Celgene tells us in a statement that "a

s the 8k states, the decision was made based on the totality of the data so far. In the earlier studies, we have seen a dose-related response, so we have added a higher dose to the study and will enroll additional patients. Consistent with our previous timing, we expect a first approval for bb2121 in 2020."

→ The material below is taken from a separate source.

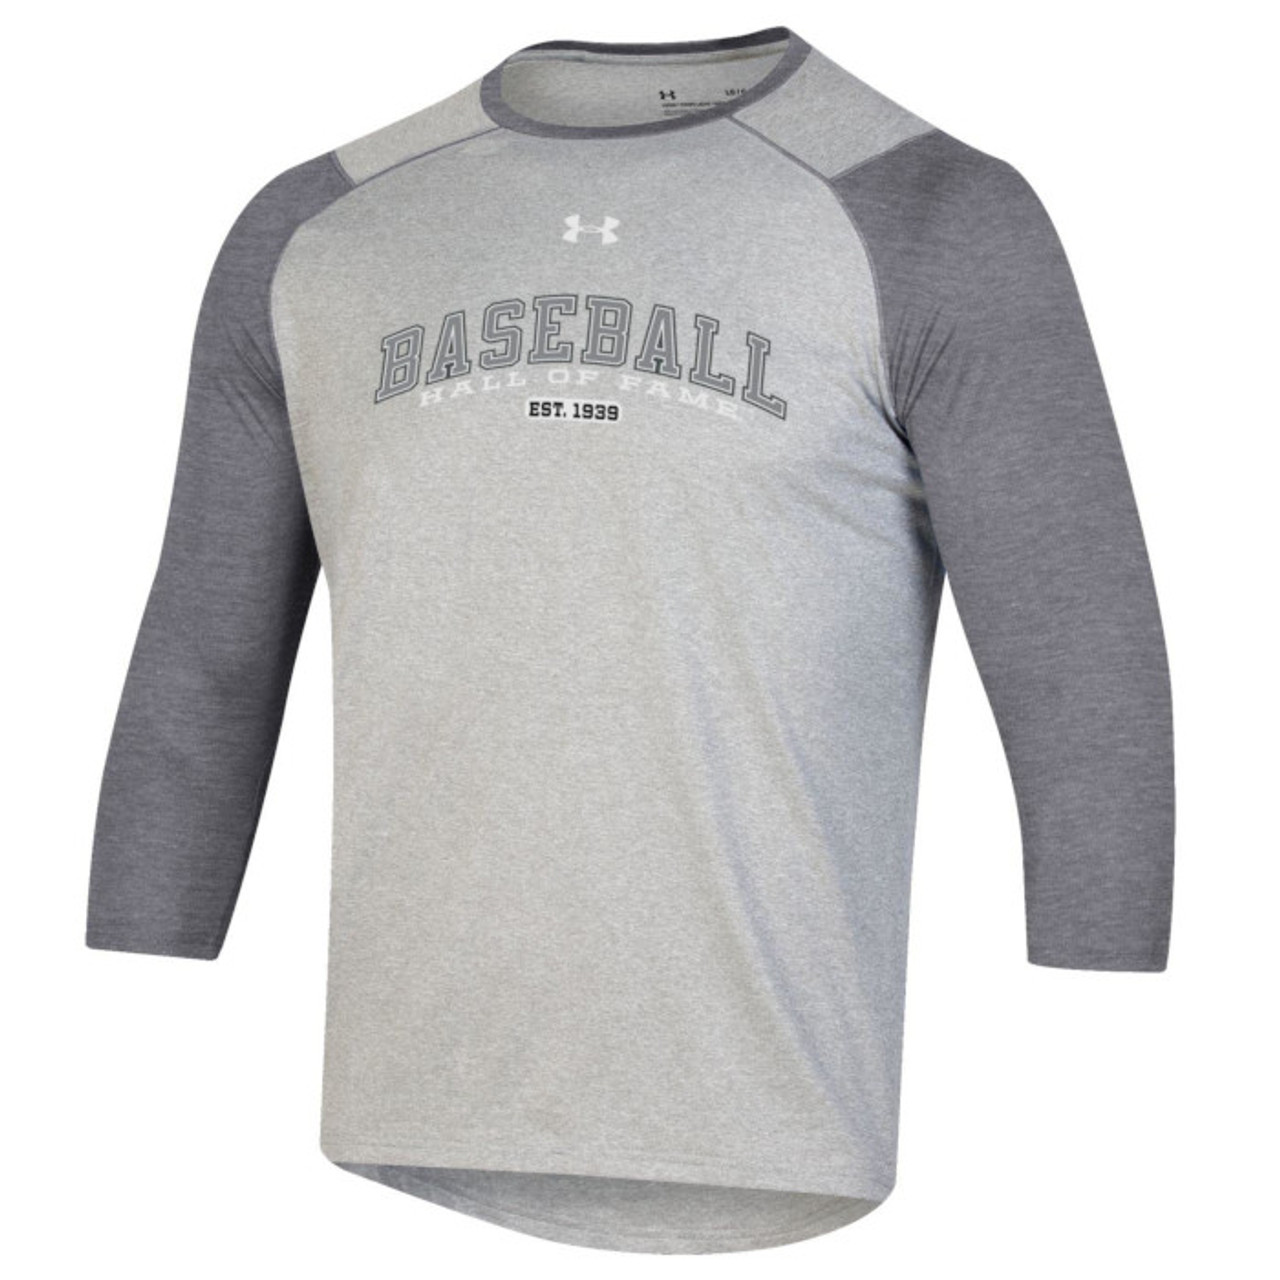 Under Armour, Shirts, Under Armour Chicago Cubs World Series Sweatshirt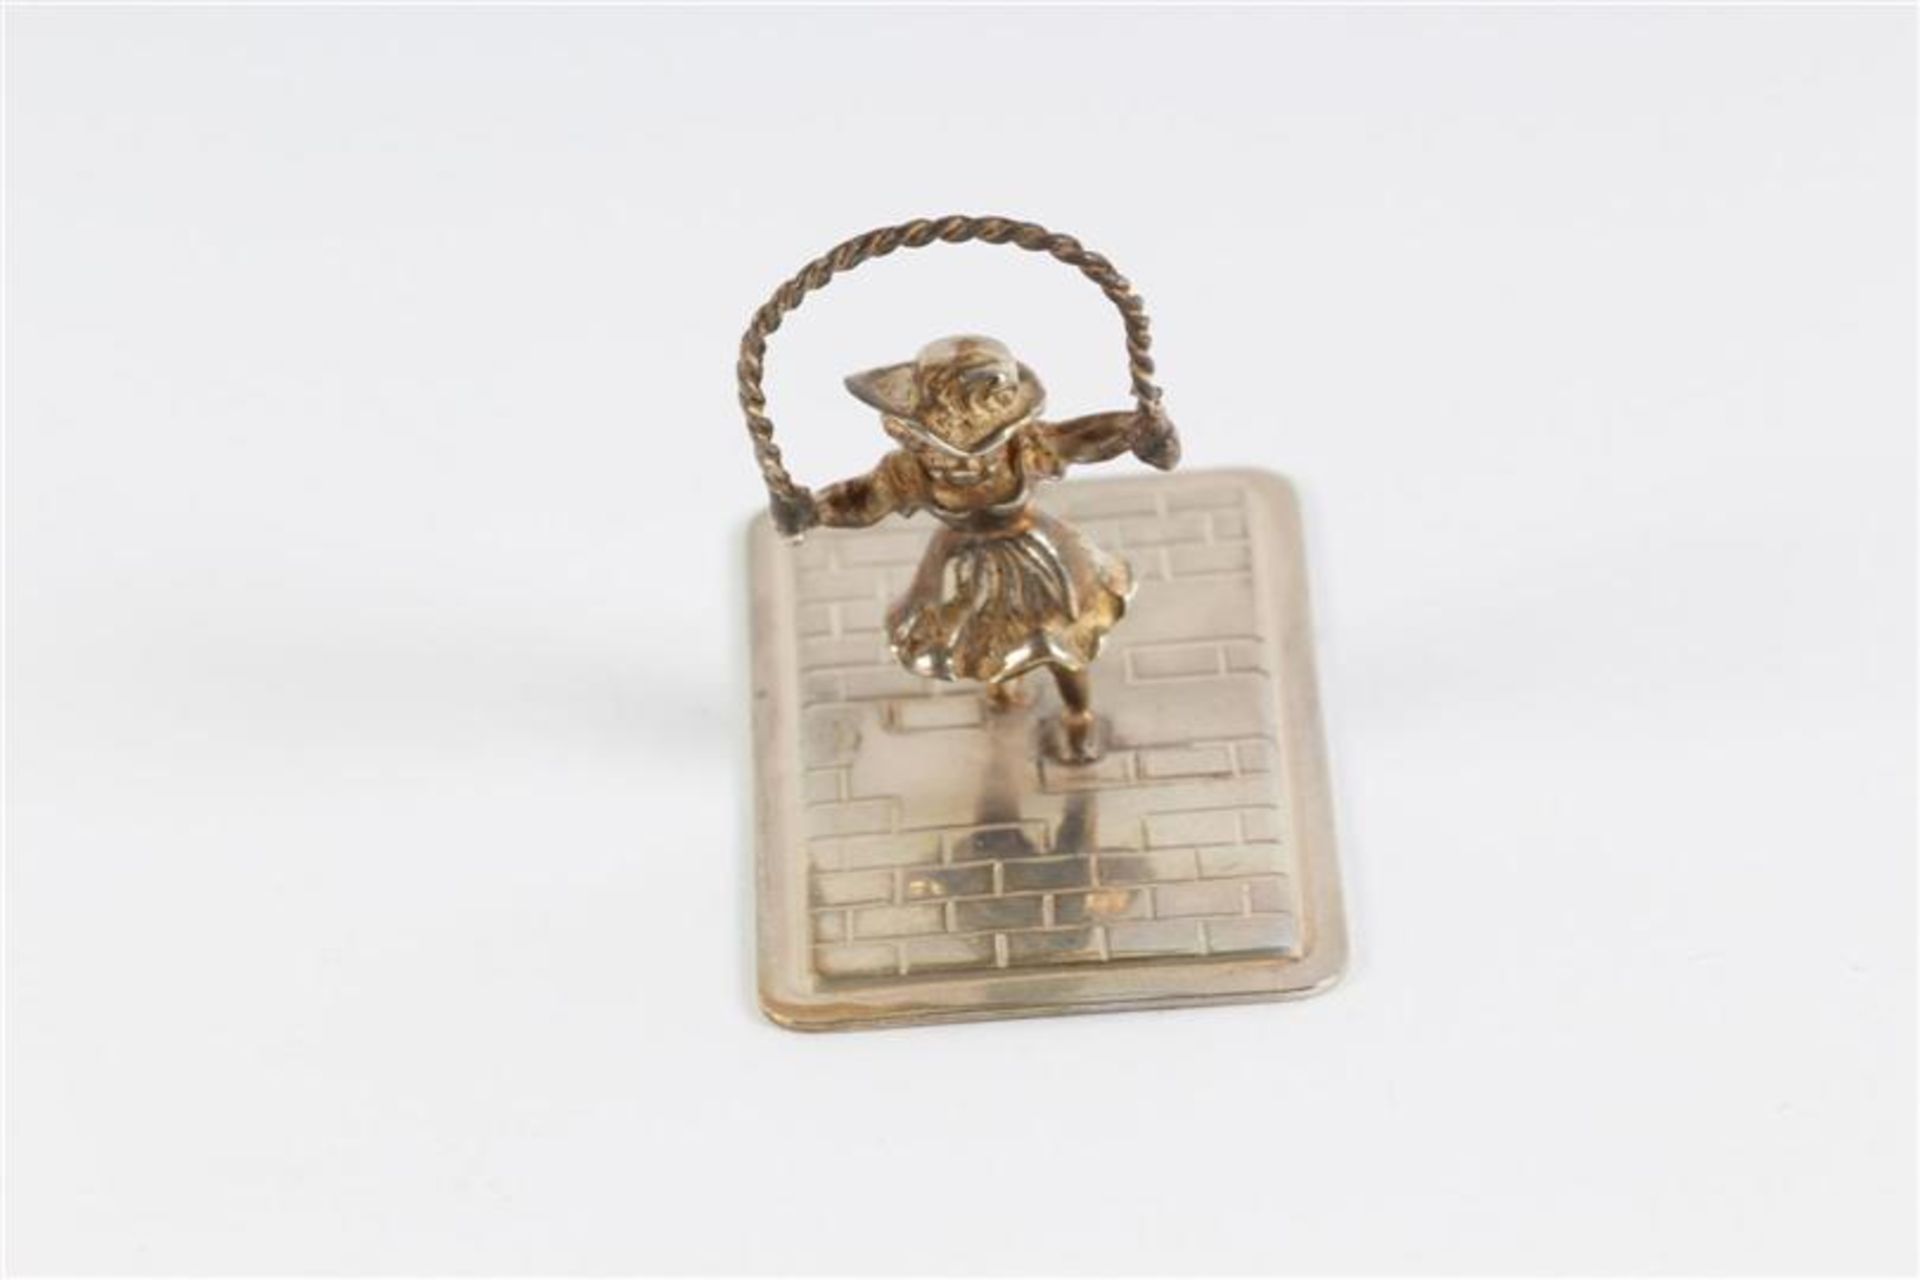 Vijf zilveren miniaturen, 'Spelend kind'. Gewicht: 50 g. - Bild 8 aus 11

Early-stage clinical results reported at this year’s American Society of Clinical Oncology (ASCO) have built excitement about bb2121, with a cohort of 18 patients on the 150 to 300 million-dose range recording a median progression-free survival (PFS) of just under 12 months and 50% complete response rate. That trial was also expanded from 21 to 43 patients midway through.

Crucially, there seemed to be no difference in the response depending on the level of tumor BCMA expression—which could mean there is no need to test patients for BCMA status before therapy.

Shares in Celgene and Bluebird barely shifted in the wake of the SEC filing, suggesting investors are fairly relaxed about the protocol change.

Meanwhile, Celgene and Bluebird are forging ahead with bb2121 in earlier stages of myeloma, initially with a trial in third-line myeloma comparing the CAR-T to a triple regimen of Genmab and Janssen’s Darzalex, Celgene’s Pomalyst and dexamethasone.